Findings published in The Lancet in 2022 demonstrated that Tenecteplase (TNK) - a safe, well-tolerated drug commonly used as a clot buster for heart attacks - was an effective treatment for acute ischemic stroke. Ischemic stroke is caused by a sudden blockage of an artery to the brain that deprives it of critical nutrients, such as glucose and oxygen.
"Tenecteplase is known to be an effective clot-dissolving drug. It is very easy to administer, which makes it a game changer when seconds count to save brain cells," says Menon.
The other drug tested in the trial, Alteplase, was more complex to administer. It took up to an hour to administer and required an infusion pump, which was cumbersome when transporting patients.
After the AcT Trial was published, many centres started using TNK as a stroke treatment before regulatory approval, a process known as using a drug "off label." But, to permanently shift global practice and ensure broad access to this life-altering treatment, formal regulatory approval was essential.
The U.S. Food and Drug Administration (FDA), regarded as a highly-rigorous regulator, was not content with just reviewing the paper. It sent representatives to confirm the impressive research done at UCalgary.
"They want to see the data for themselves," says Menon.
Calgary Stroke Program AcT Trial data scrutinized
A team from the FDA visited Calgary for a week on two separate occasions, and a team of inspectors put the stroke team under the microscope. They commandeered an office in the Department of Clinical Neurosciences at the FMC and started poring over the trial’s results.
It was not a relaxing week, says Carol Kenney, RN, clinical trials co-ordinator for the Calgary Stroke Program. "I didn’t sleep all week."
During the first visit, Kenney says, the inspectors focused on patient safety and serious adverse events collected during the study. The second visit was to scrutinize the stroke team’s work as a sponsor of the trial.

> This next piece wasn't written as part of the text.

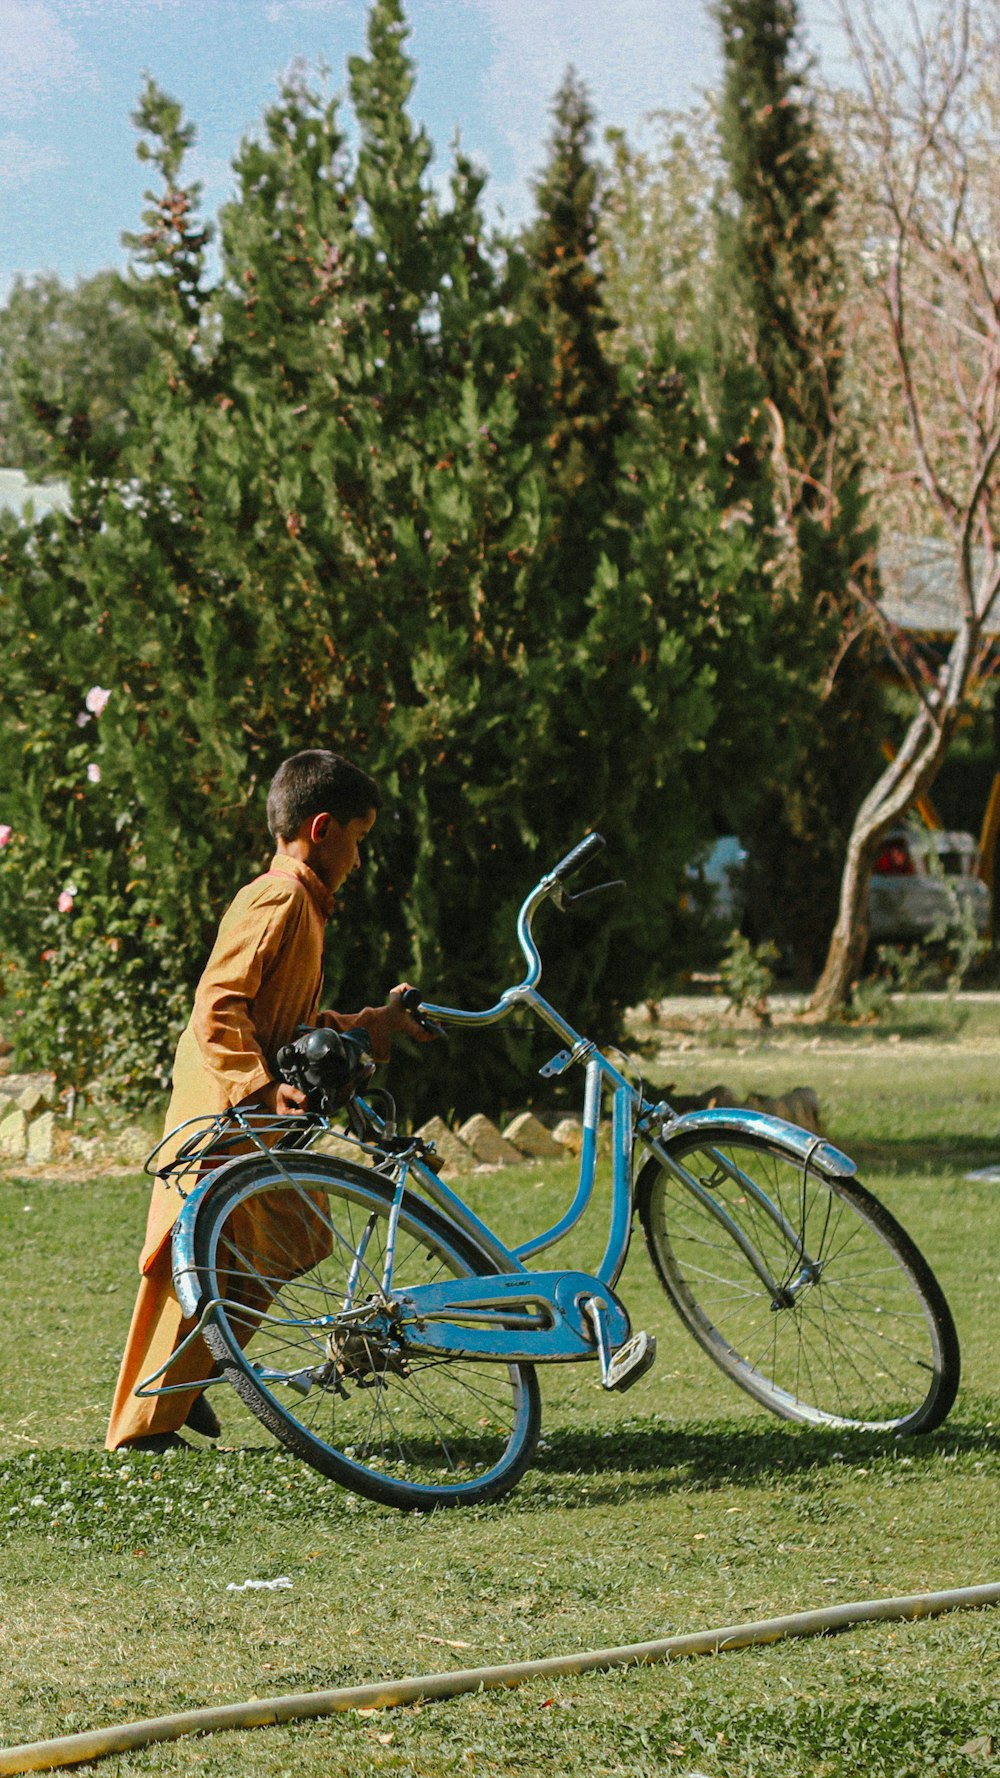 Ein Mann sitzt im Gras neben einem blauen Fahrrad

The inspectors needed to be close to the stroke team, so they set up shop on the 11th floor of Foothills Hospital.
"They needed their own office," Kenney says. "If they had to leave, they had to lock up their equipment."

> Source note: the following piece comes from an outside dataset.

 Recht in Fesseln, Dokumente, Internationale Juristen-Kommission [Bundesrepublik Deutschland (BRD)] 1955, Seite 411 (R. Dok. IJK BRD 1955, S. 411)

Members of the stroke team, including data manager Qiao Zhang, and Stroke Trials Operations group lead Craig Doram, BSc (Eng)’08, were individually interviewed about the trial, and requests for supporting data arrived each morning.
"Basically, it was our job to sit with them and answer questions," says Kenney
The European Medical Agency had followed a similar process a year before and approved the drug’s new use. The FDA and Health Canada have now both followed suit.

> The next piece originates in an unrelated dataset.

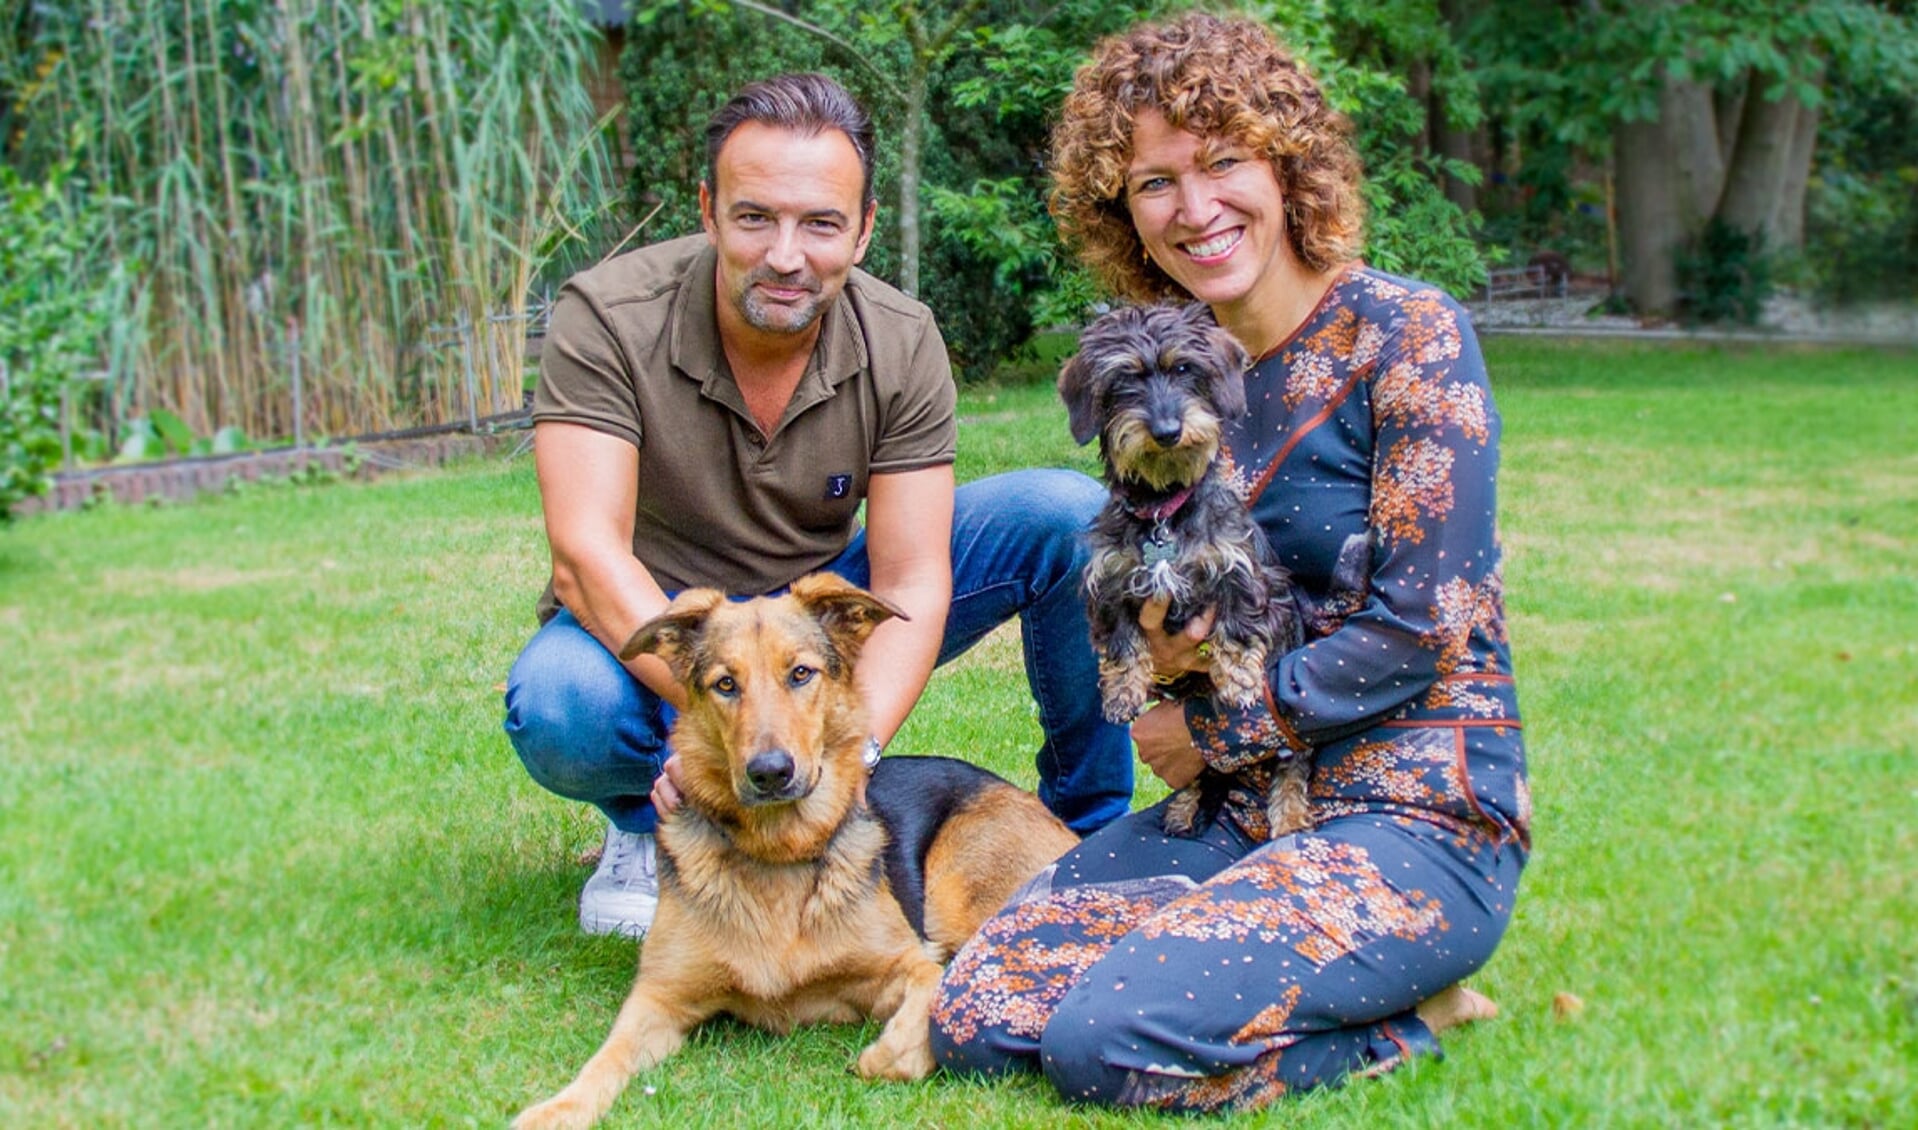 Radio 10-dj Gerad Ekdom en zijn sidekick Evelien de Bruijn zijn weer op zoek naar de leukte hond van Nederland

"They go through everything. They check everything. (The success in the audit) is a testament to the quality of our team and the focus on patient safety the Calgary Stroke Program has," says Menon.
With each 25-mg vial of Tenecteplase for acute ischemic stroke, the monograph worldwide now includes numerous references to the AcT Trial and pages of data from the stroke team’s research. A little bit of Calgary in every box that will be used to treat stroke patients everywhere.